DALLAS — On a recent morning before 8 a.m., Emil Lippe and his wife were inside their Gaston Avenue home when two strangers walked in.

“My wife was in her bathrobe. We’re minding our own business and I asked, ‘What are you doing here?’ And they just left,” Lippe recalled. “Didn’t apologize. They just went next door.”

The home the Lippes have lived next door to for decades in a sought-after Dallas neighborhood is now listed online as an amazing place to rent, with enough beds to sleep 18 people.

“We had the greatest neighbors for over 20 years and then all of the sudden next door is a hotel,” he said.

The home is one of hundreds of properties in Dallas listed as short-term rentals on websites like Airbnb with enough space to sleep a dozen or more people.

Most of those properties are in East Dallas.

Elementary school teacher Jamie Mitchell lives near one such property on Prospect Avenue, near lower Greenville Avenue.

“I bought a lovely home in a lovely neighborhood and I pay a lovely amount of tax dollars to put up with this lovely ridiculous sound all the time,” he said.

According to Mitchell, every weekend they deal with loud music until 3 a.m. or 4 a.m.

Both Mitchell and Lippe have also complained to police and city code enforcement officers about parking and trash violations. But they say nothing has changed.

“So yeah, I’m frustrated,” said Mitchell. "Extremely frustrated."

Dallas does regulate short-term rental properties, but there’s little to no enforcement of those regulations.

Each owner is supposed to register and pay local taxes, but while there are hundreds – if not thousands – of properties available for rent, only 83 properties are on the registry.

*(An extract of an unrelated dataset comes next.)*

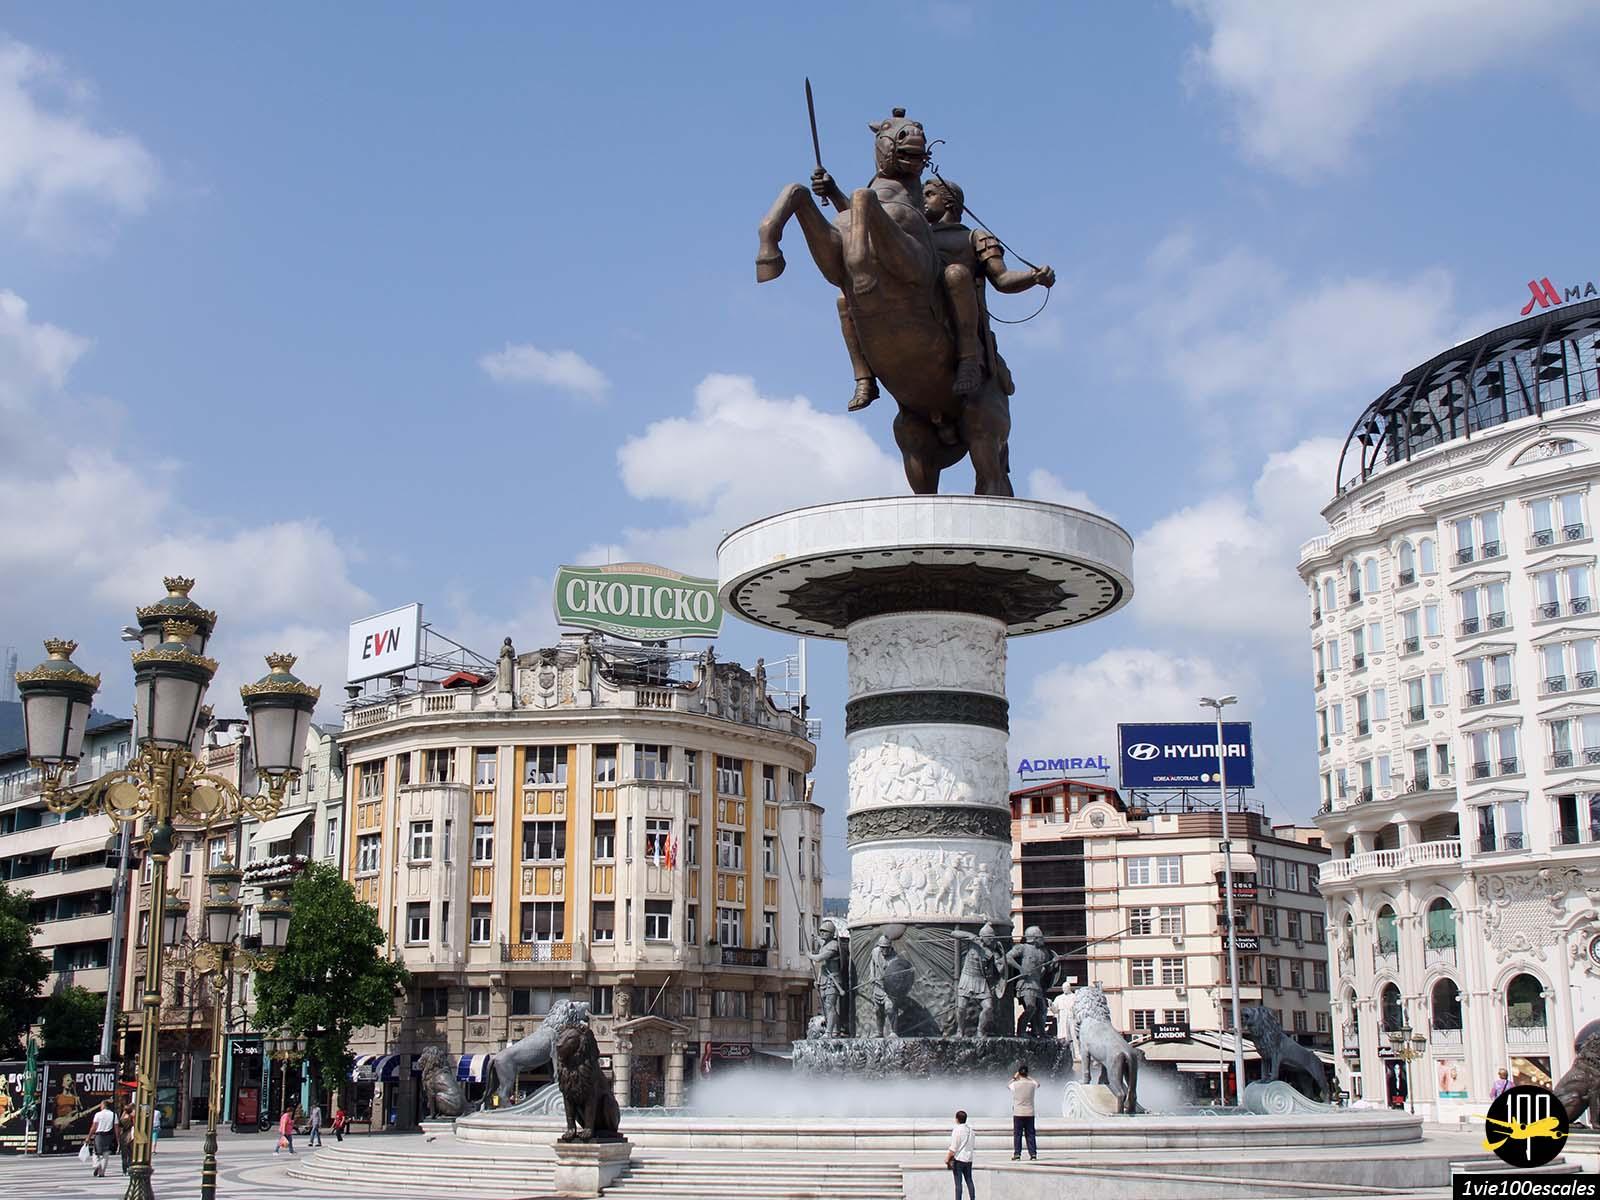 Escale #125 Skopje
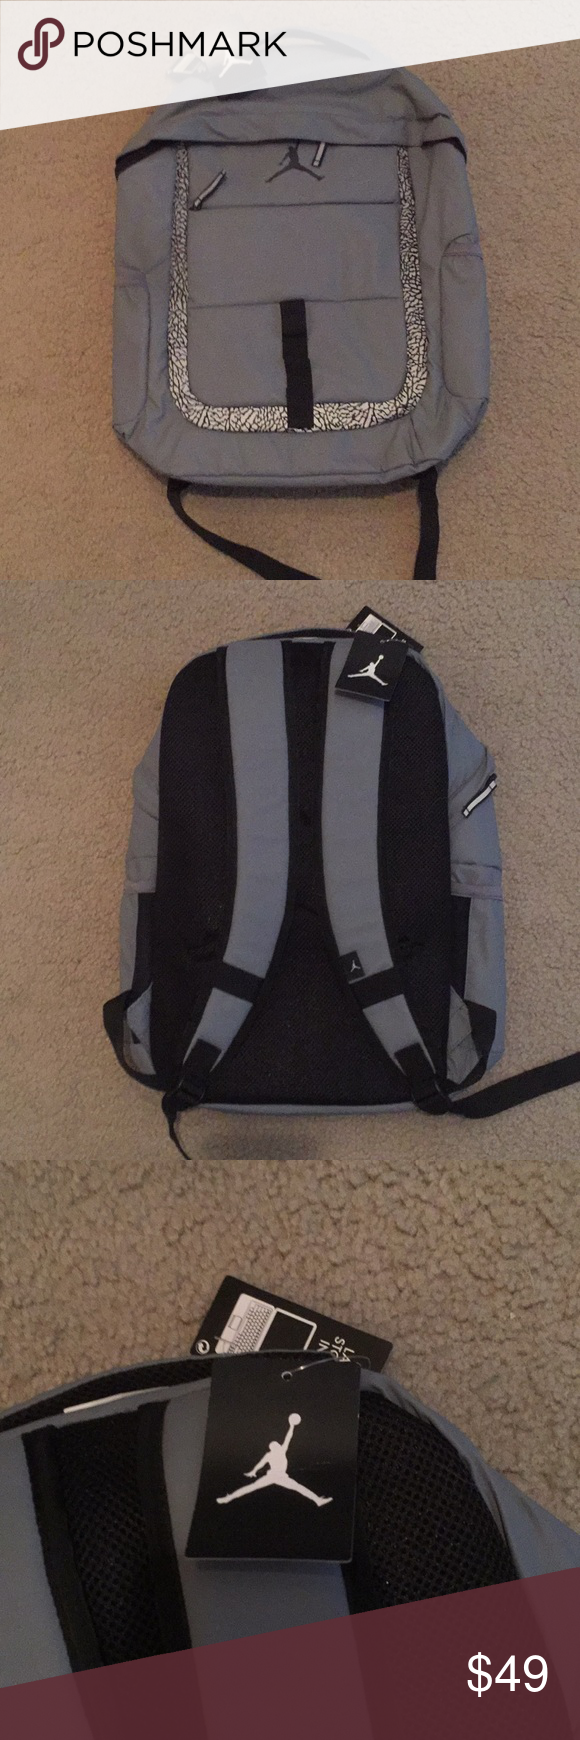 6401cd4e983e68 NEW Jordan Brand Backpack Brand new Jordan Brand Backpack with the tags  still attached! Jordan Bags Backpacks

RELATED: Arlington will ban Airbnbs and other short-term rentals across most of city

“We do not, today, have a lot of tools to effectively manage this,” Dallas city councilmember David Blewett told a couple dozen people gathered at a meeting Monday night at the Samuel Grand Recreation Center.

Blewett and fellow councilmember Paula Blackmon, along with a code officer, tax collector and city attorney, met with those irritated East Dallas homeowners.

Blewett and Blackmon told the crowd change needs to happen but warned them that the government moves slow.

But Dallas will soon roll out new software that city leaders hope will help them track more properties.

Jeremy Turner operates two Airbnb properties in Dallas, and he believes irresponsible owners need to be held responsible.

“I think we just need to get rid of the bad eggs,” he said. “That’s what I think needs to happen because there are a ton of Airbnbs in Dallas and I think the more party houses are just a very small fraction.”